Time does help. The human spirit is remarkably resilient, and eventually you will come to accept the unacceptable--if not the manner of his death, at least the fact of it--and your love for each other, your grief, and your memories will all become a part of who you are forever, as inseparable from yourself as your skin. The pain will ease, and although you'll never forget him, nor should you, eventually you'll be able to think of other people and other things. It's too soon to think of it, probably, but you could meet someone else to love. In any case, he won't be a replacement; he'll be someone else. When and if this happens, remember: It's not a betrayal of your lost love to go on living; it's what all of us who have dealt with the pain of losing ones we love, under whatever circumstances, have had to learn to do.

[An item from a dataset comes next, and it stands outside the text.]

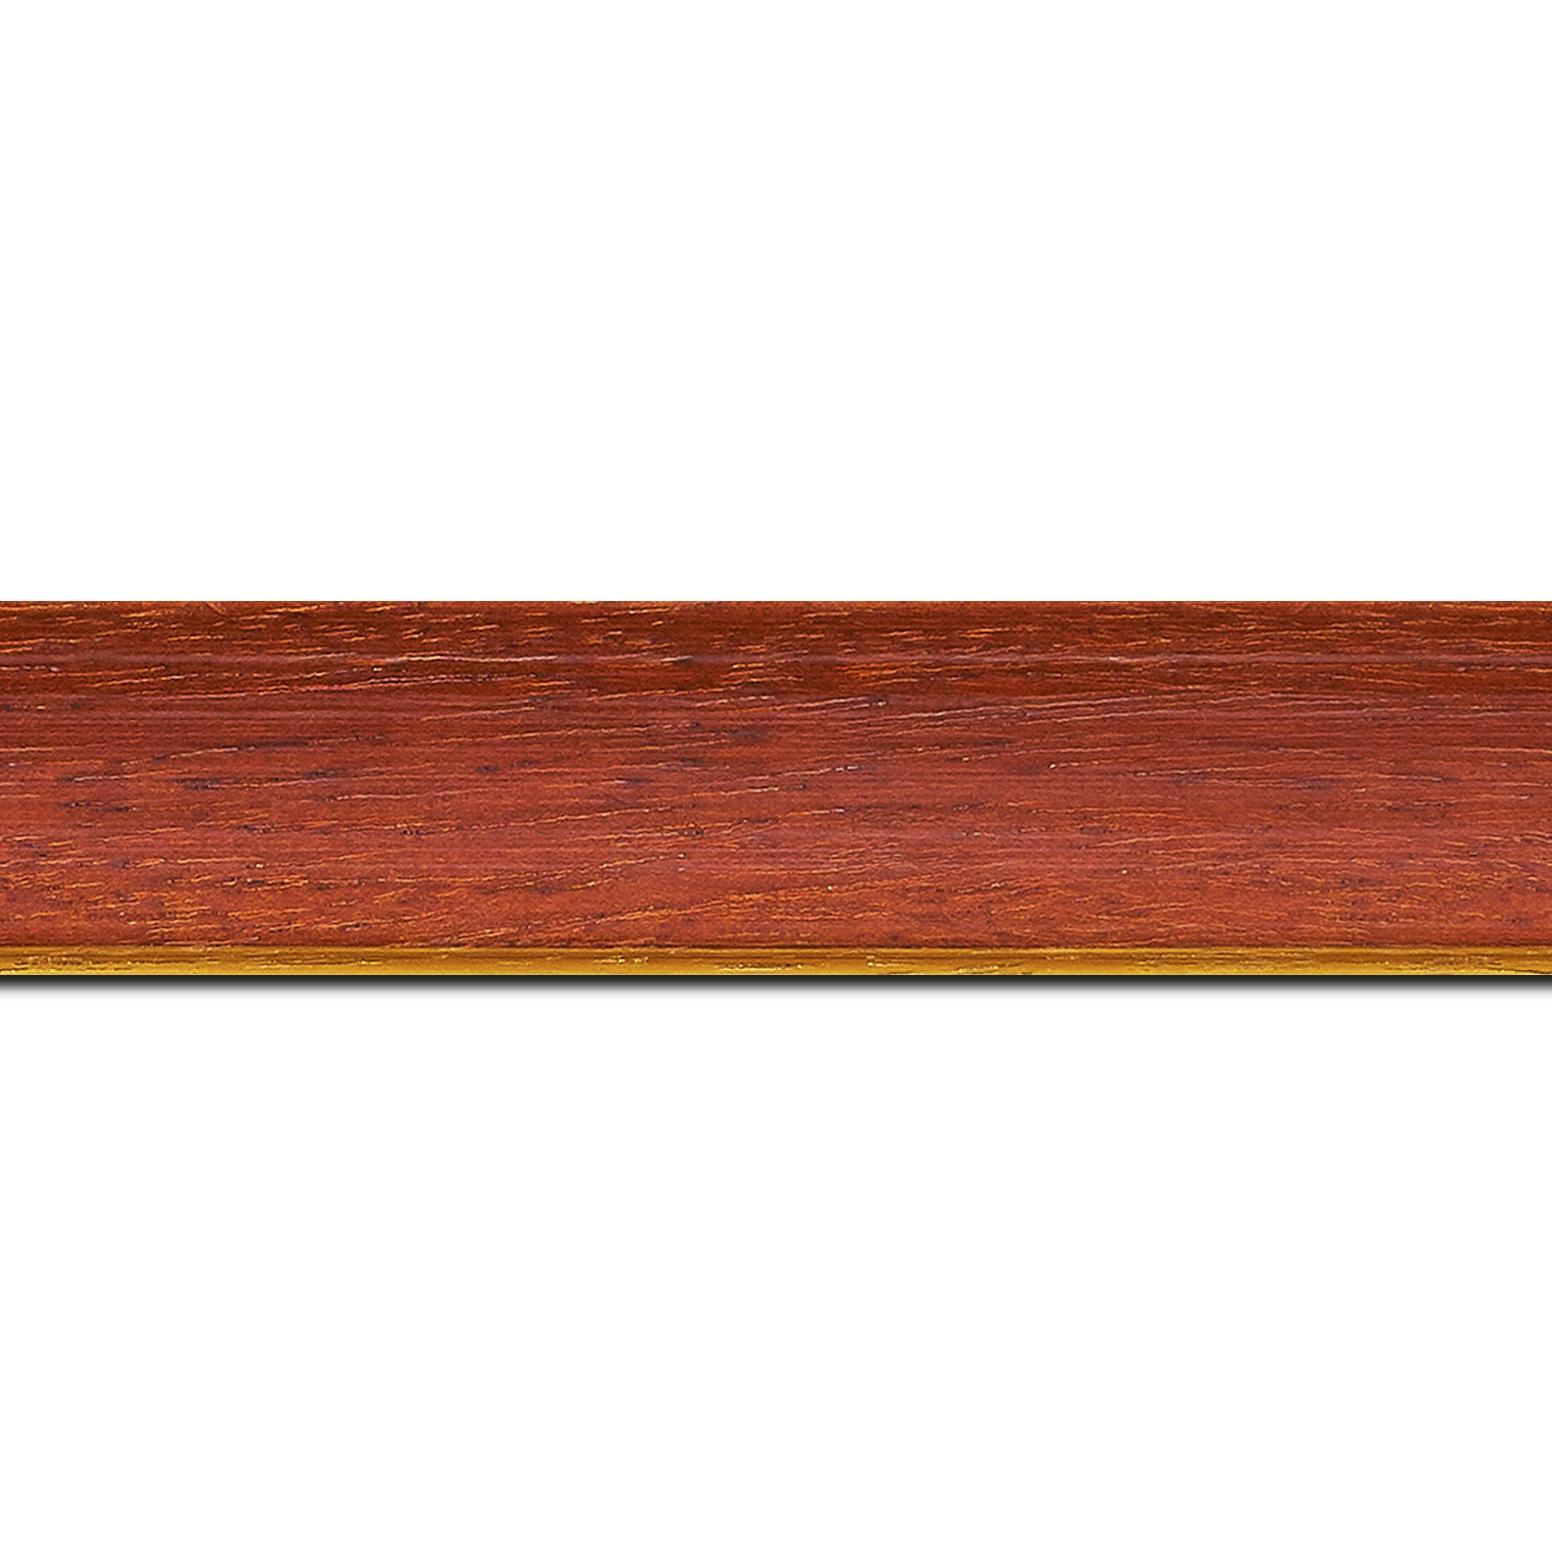 Baguette longueur 1.40m bois profil incurvé largeur 3.9cm couleur rouge cerise satiné filet or
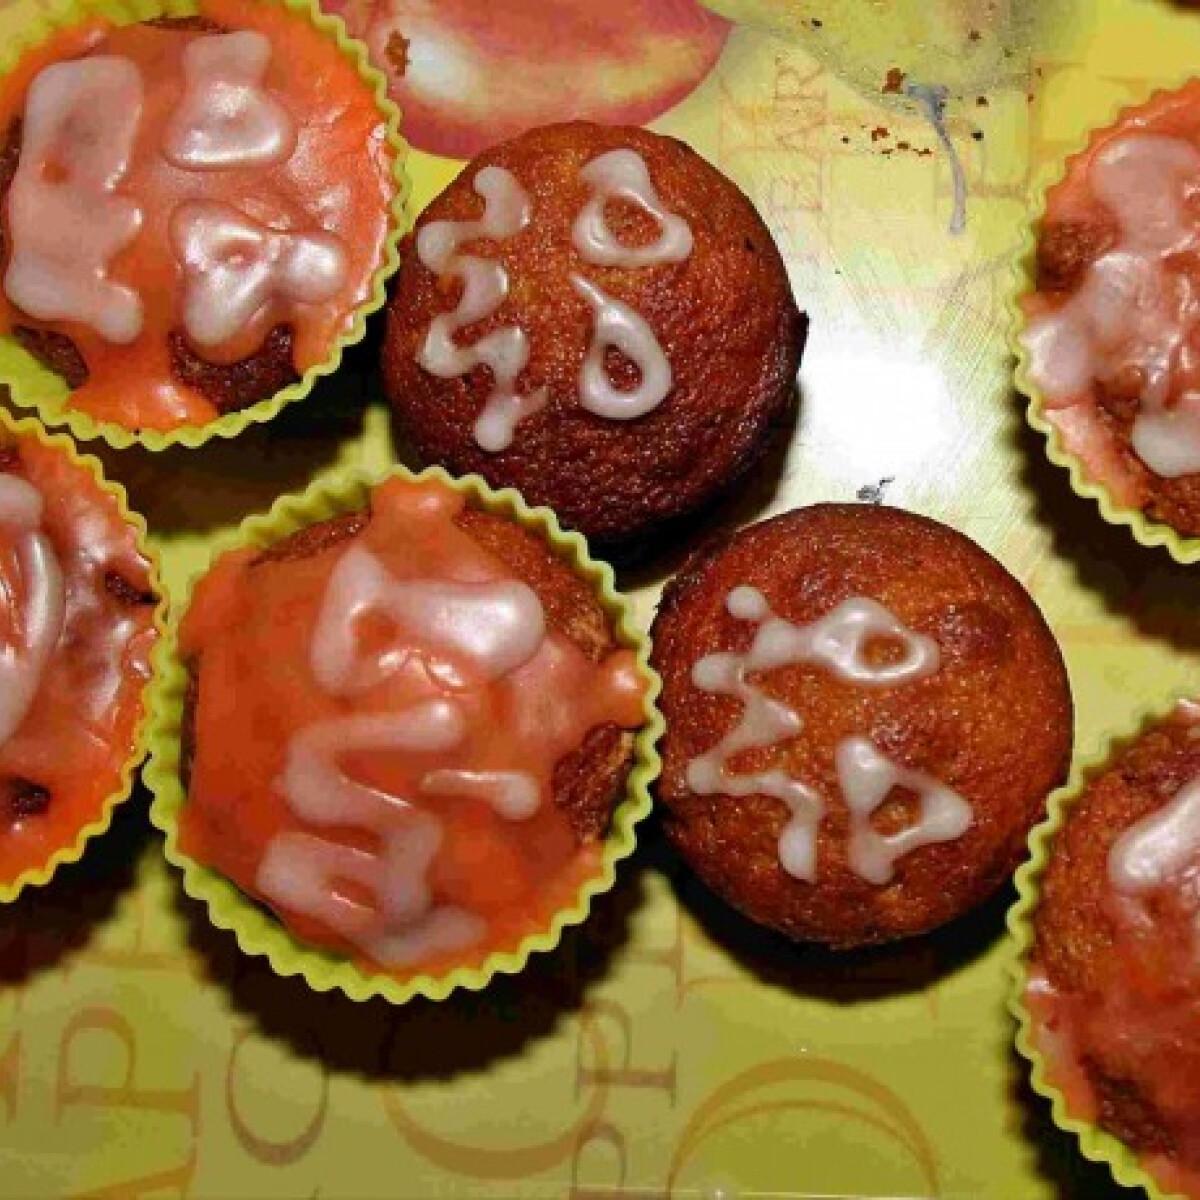 Puha sütőtökös muffin

I really like this man I've been dating for a few weeks, but he won't really talk to me. I want him to tell me everything that is going on his life because he is so sweet and loving and I really want to get to know him better. I also feel like there's something on his mind, but when I ask him he just says no. He told me a little, but I know it's not all. How can I get him to understand that I really care and he can confide in me?

Want to Know

Dear Want:
Slow down, sweetie pie. Give the man a chance to get to know you a little better before you start prying into all the nooks and crannies of his life. It's up to him to decide what he wants to tell you, and when, and your aggressive demands that he expose his deepest feelings to you after what amounts to a pretty short acquaintance could send him running. He could have any number of perfectly legitimate reasons for not wanting to spill his guts to you so soon, and if you really want to get to know him better, you'll respect his privacy. An easy familiarity is not the same as true intimacy and trust, which take time to develop and are worth much more in the long run.

Of course, if what's bothering him is potentially dangerous to you, that's a fair question to ask and have answered. Otherwise, lighten up.